=== Begin Enclosure ===

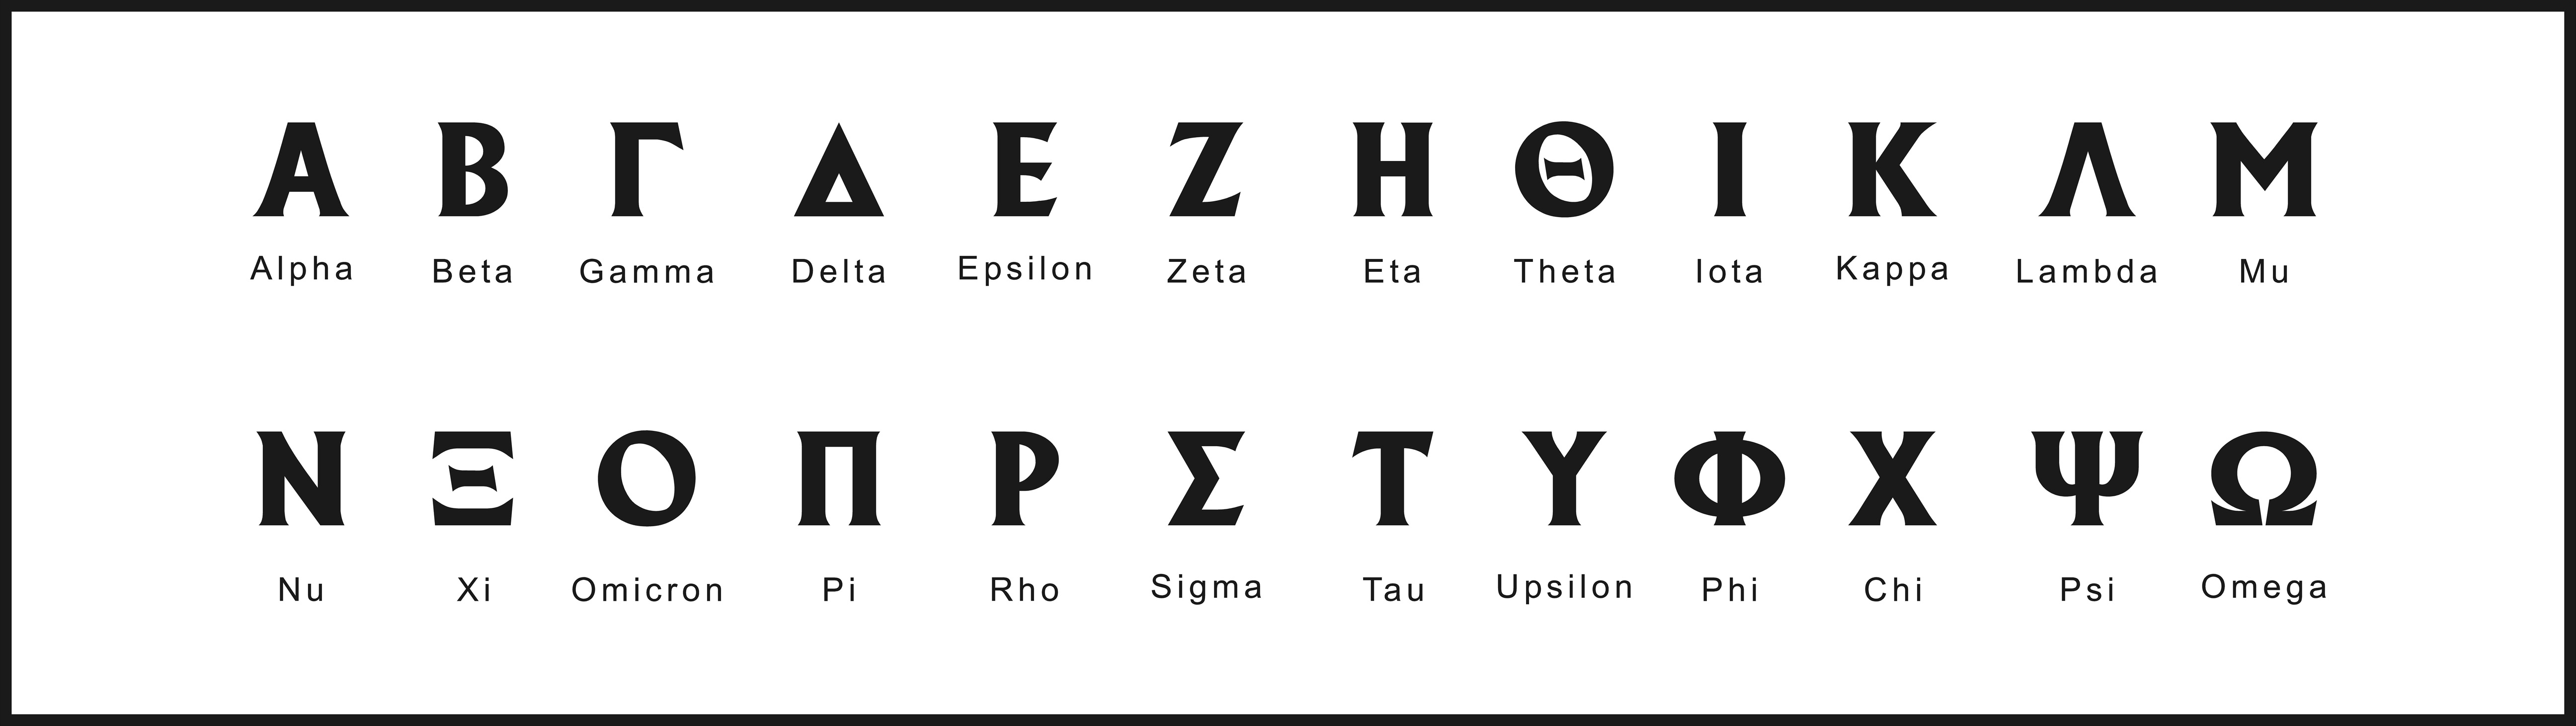 greek alphabet image v5 resize1
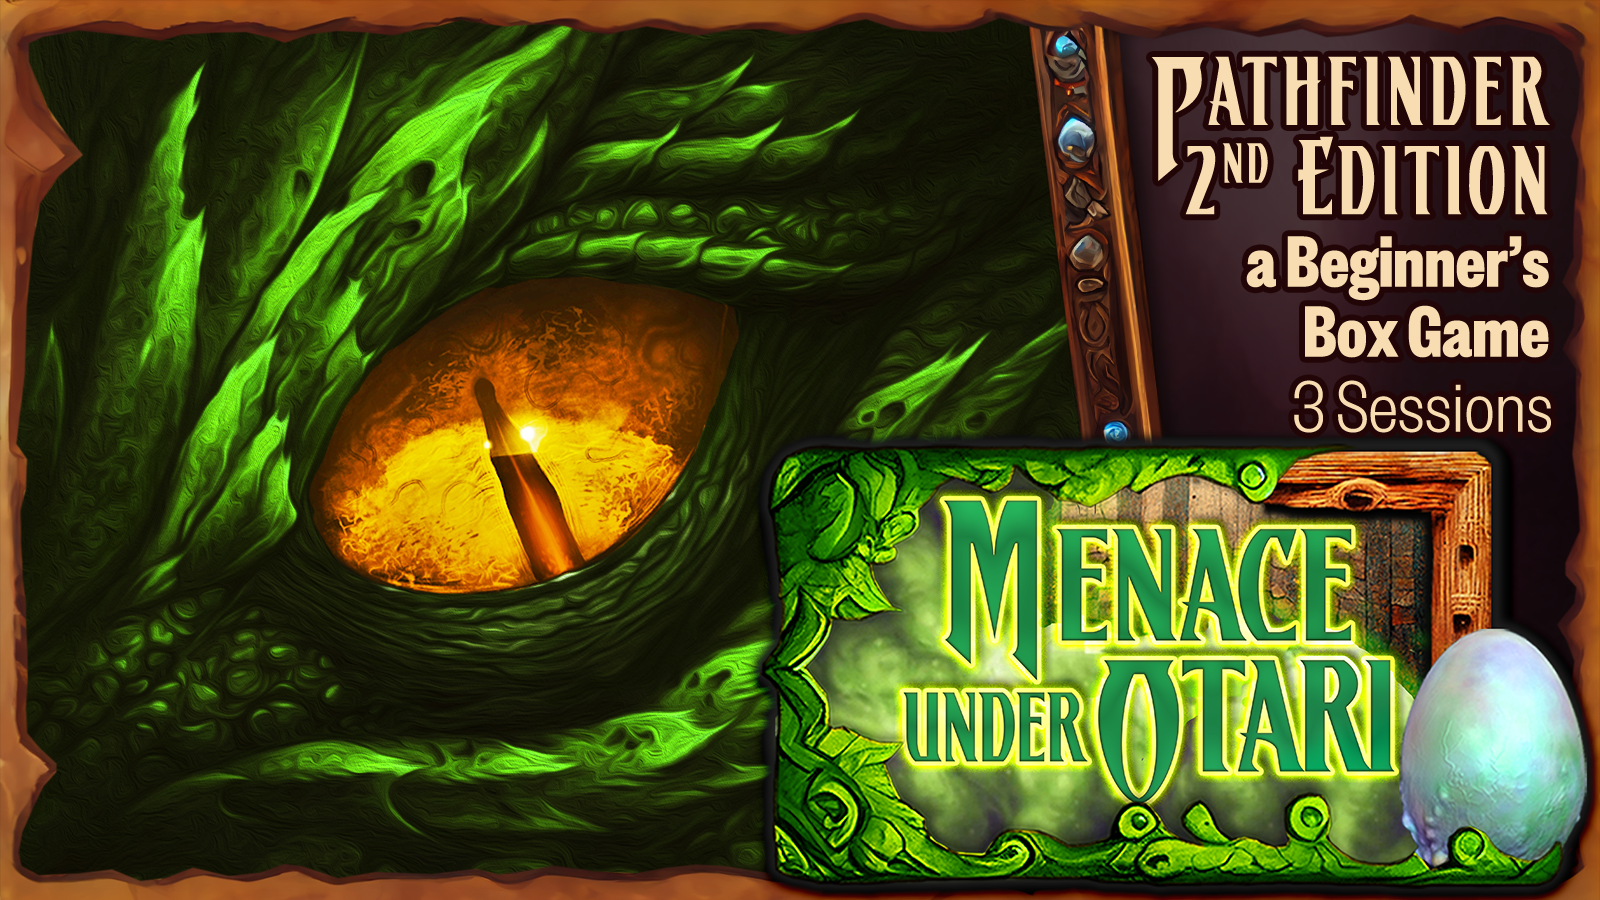 Menace Under Otari - Start Playing Pathfinder 2E with Beginner's Box Game
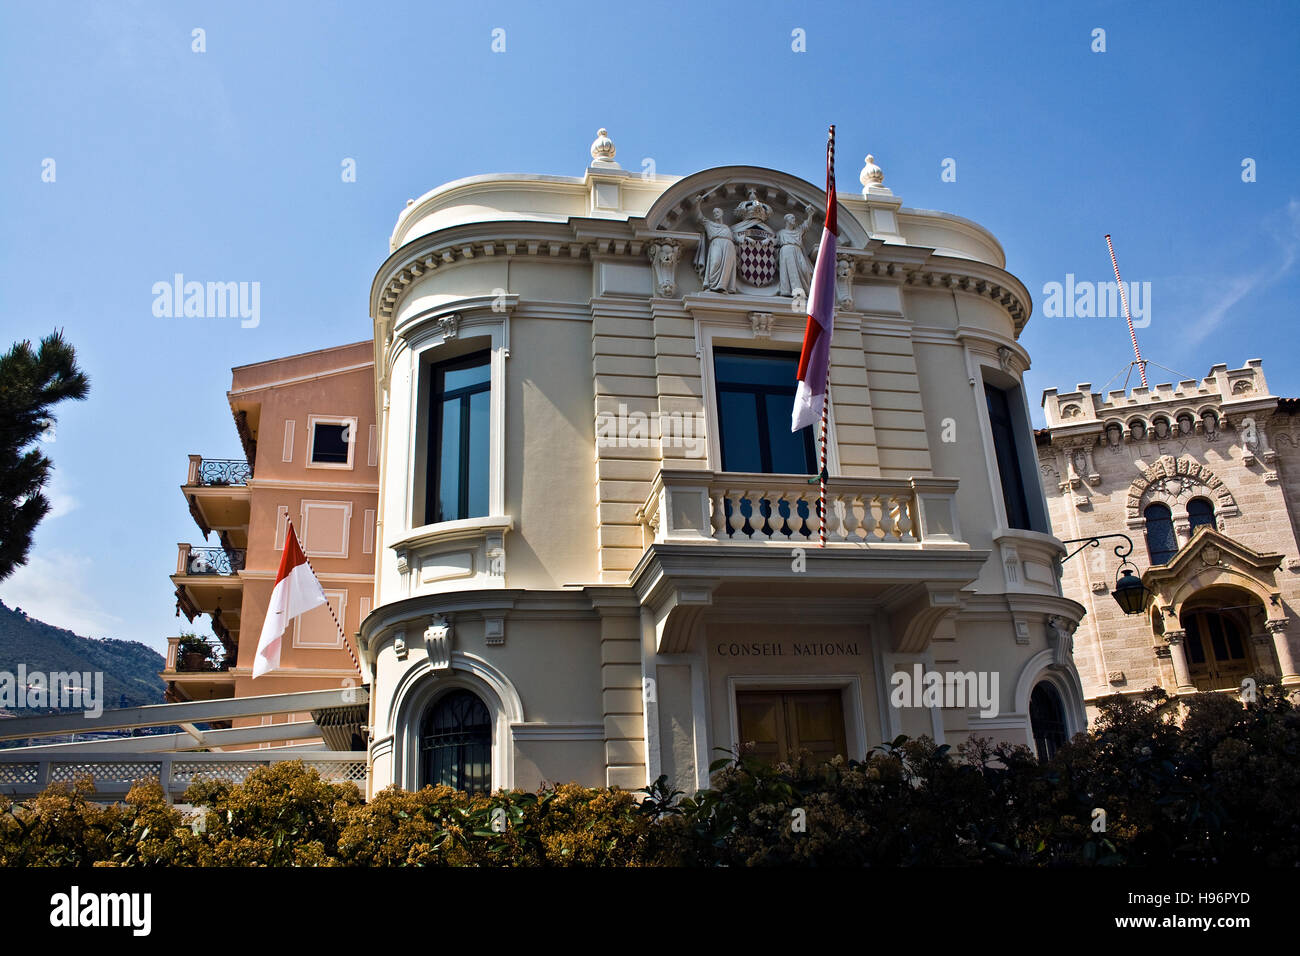 Conseil National de la Principauté de Monaco, Principauté de Monaco, Europe Banque D'Images

=== End Enclosure ===

# Task to carry out
No pictures should appear in the copy; write out exactly the lines from the one containing "Menace Under Otari" through the end of the material.

# Output for this exercise
 Menace Under Otari - Start Playing Pathfinder 2E with Beginner's Box Game
 Conseil National de la Principauté de Monaco, Principauté de Monaco, Europe Banque D'Images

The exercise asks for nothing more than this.